The description isn't very clear, i'll try to update it:
syntax: { line_number . thread_name: "[" action "]" }
1.main_thread: [start three independent threads thread1 and thread2
for taking care about p1, p6 and p9 branches + start p1, p6 and p9 at
once]
(Note: all threads will continue to work indepently until thay
start/stop all processes. The dependency layer should be completely
independent on atomic start/stop methods in control.c stuff)
2.thread1: [continue to start p2]
2.thread2: [continue to start p7]
2.thread3: [finished]
3.thread1: [start two threads thread1.thread1 and thread1.thread2 to
take care about p4 and p5 branches + start p4 and p5 at once]
3.thread2: [finished]
4.thread1.thread1: [start p8]
4.thread1.thread2: [finished]
5.thread1.thread1: [finished]
6. thread1: [finished]
I didn't expand the scheme totaly (in 1.main_thread and 3.thread1
steps) but i think it is possible to understand :)
Martin Pala wrote:
Agree. When i though about your proposal (dependency matrix) in the
past, i found, that best way could be to paralelize start-up process
as much as possible => make one thread for every independent process
branch/subtree to start/stop them. In the case that the branch has
two or more even processes dependant on one process, it could be
possible to start them at once. I hope following ascii-art will
explain its princip:
/ p4 - p8
- p1 - p2 -
\ p5
- p6 - p7
-p9
So the fastest way to start it will be:
1.) start three independent threads for taking care about p1, p6 and
p9 branch (all threads will continue to work indepently until thay
start/stop all processes). The dependency layer should be completely
independent on atomic start/stop methods (control.c stuff)
2a.) continue to start p2
2b.) continue to start p7
2c.) finished
3a.) start two threads to take care about p4 and p5 branch
3b.) finished
4a.) start p8
4b.) finished
5a.) finished
So following "algorithm" is as fast as possible and won't block whole
process if there will be some problem. By the way, there are yet
another two options:
I.) it could be possible to independantly monitor processes by main
thread on the background, but there must be some mechanism to
synchronize start-up progress with monitoring, so monit should know,
that some processes are under "maintanance" and that it doesn't make
sense to try start/stop them until present work will be done.

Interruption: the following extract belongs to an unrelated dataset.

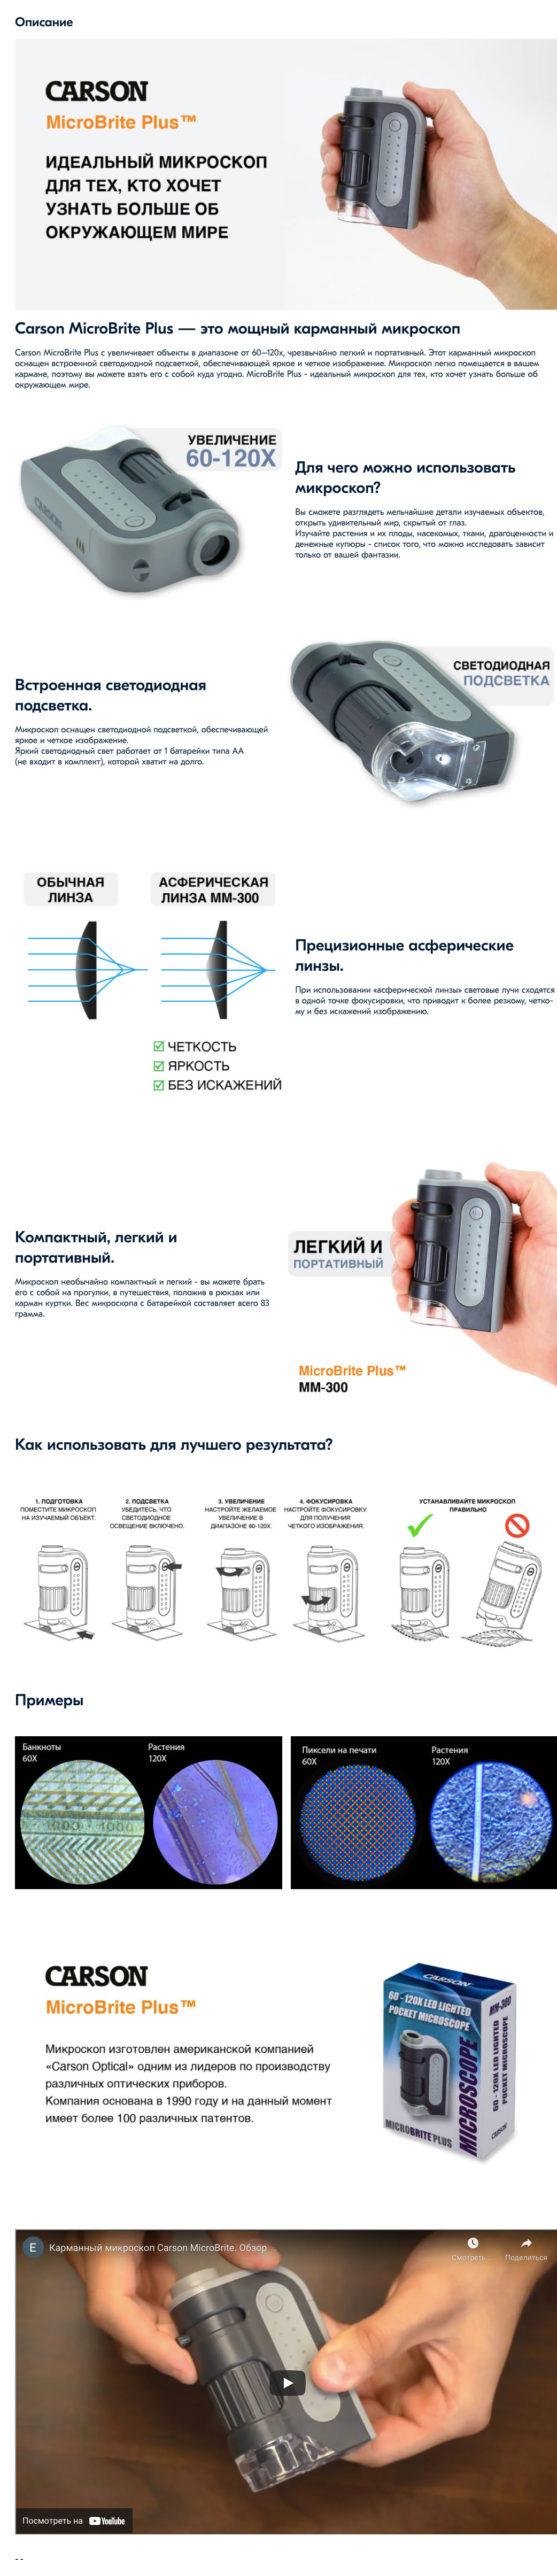 screencapture-ozon-ru-product-mikroskop

II.) just block main monit thread and wait until all the others
(start/stop of processes) will finish
Martin
Jan-Henrik Haukeland wrote:
Anyway, I still think that moint should suspend itself as litle as
possible in
the start program phase, max 10 seconds and if that doesn't work it
should
break out of the start-program+depend loop with a warning message in
the log.
Besides it will retry again on the next cycle anyway. This is better
than to
(worst case) sleep Run.polltime for a program. Monit should instead
then go on
to the next program that needs to be started.
Jan-Henrik
Besides if a program does not manage to create a pidfile in 10
seconds
something is wrong.
Not true. If you are doing some kind of connection testing, it may
well
take a full poll cycle to come up.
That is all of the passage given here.